An Introduction To Corporate
Fraud, misappropriation, and other fiscal irregularities include, but are not limited to:
1. Falsification or alteration of accounting records.
2. Forgery or alteration of a cheque, bank draft, or any other document.
3. Misappropriation or theft of funds, securities, supplies, or other assets (see B10, Staff Handbook/Code of Business Conduct: "Company Funds and Property").
4. Impropriety in the handling or reporting of money or financial transactions.
5. Suppression or omission of the effects of transactions from records or documents.
6. Recording of transactions without substance.
7. Intentional misapplication of accounting policies,
8. Wilful misrepresentations of transactions or of the entity's state of affairs.
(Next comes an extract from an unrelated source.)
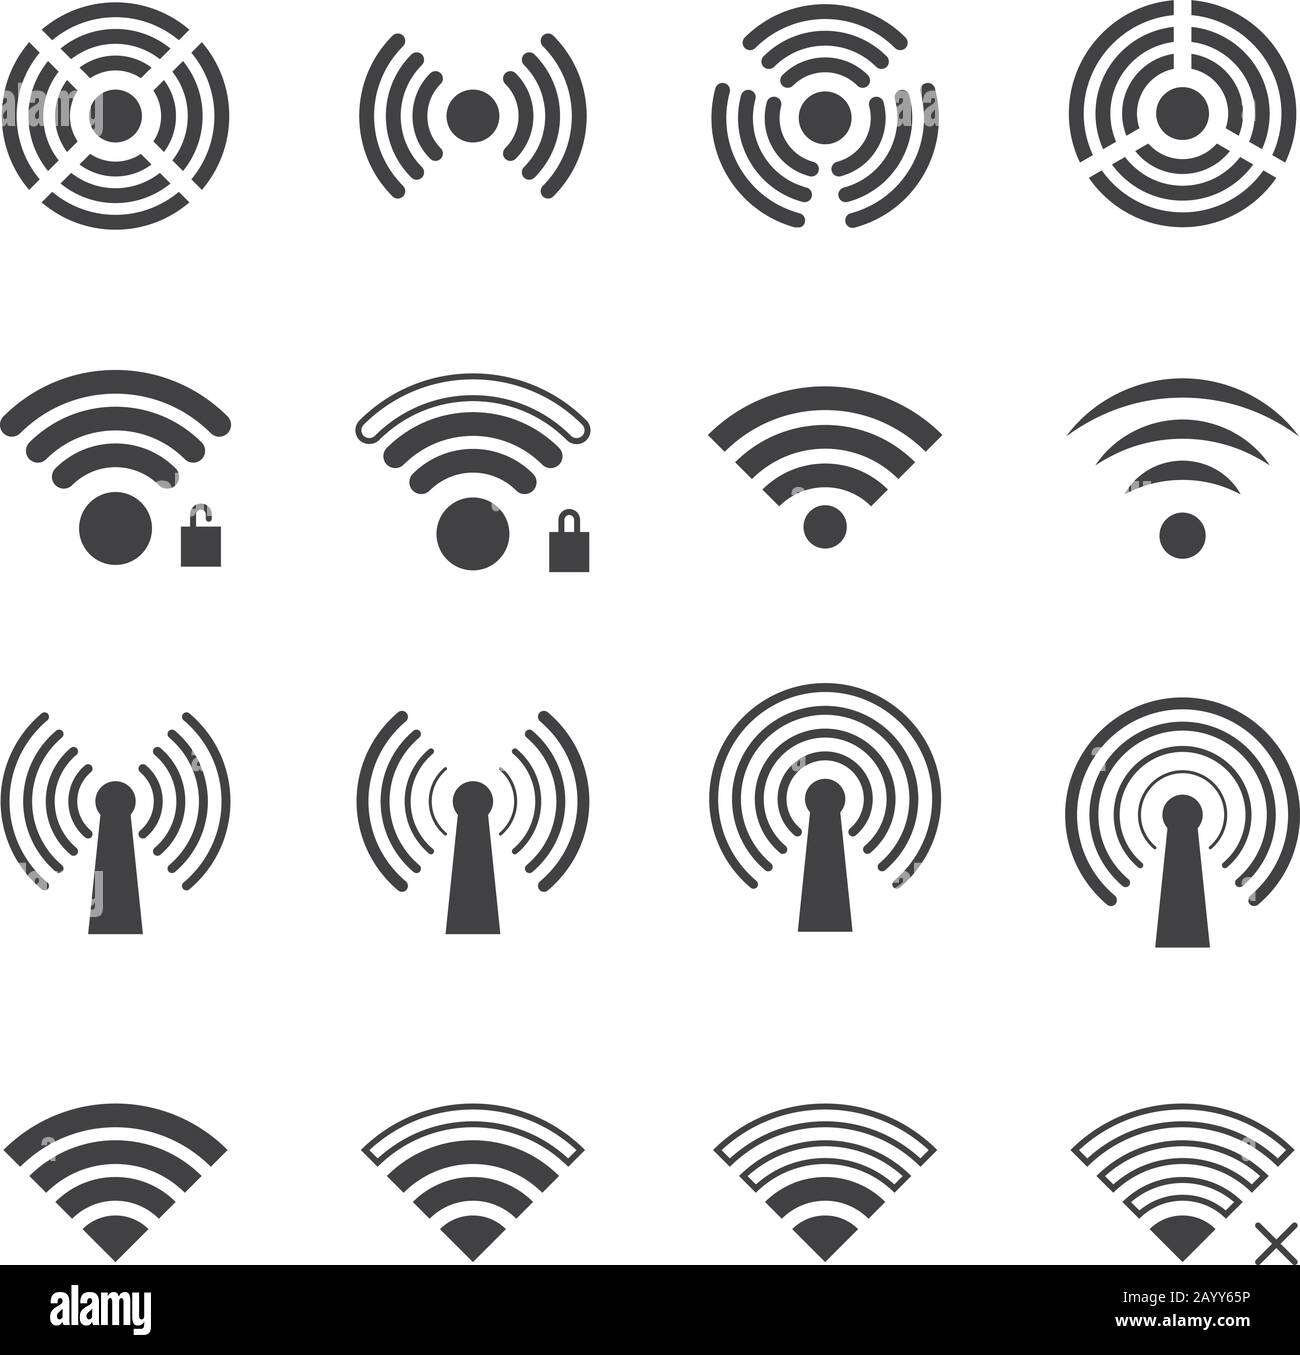 Iconos de vectores inalámbricos y wi-fi. Símbolos de conexión WiFi y señales de conexión inalámbrica Ilustración del Vector

9. Profiteering as a result of insider knowledge of securities activities.
10. Disclosing to other persons the securities activities engaged in, or contemplated by, the company (see B13, Staff Handbook/Code of Business Conduct: "Privacy and Confidentiality).
11. Disclosing confidential and proprietary information to outside parties.
12. Accepting or seeking anything of (material) value from vendors or persons providing services/material to the company (exceptions: see B5, Staff Handbook/Code of Business Conduct: "Gifts, Entertainment and Favours". Gifts or entertainment of a value less than £25 given without intent to influence a particular decision(s) will normally be acceptable).
13. Unauthorised destruction or removal of records, furniture, fixtures, or equipment.
14. Any dishonest or fraudulent act or intentional accounting irregularity.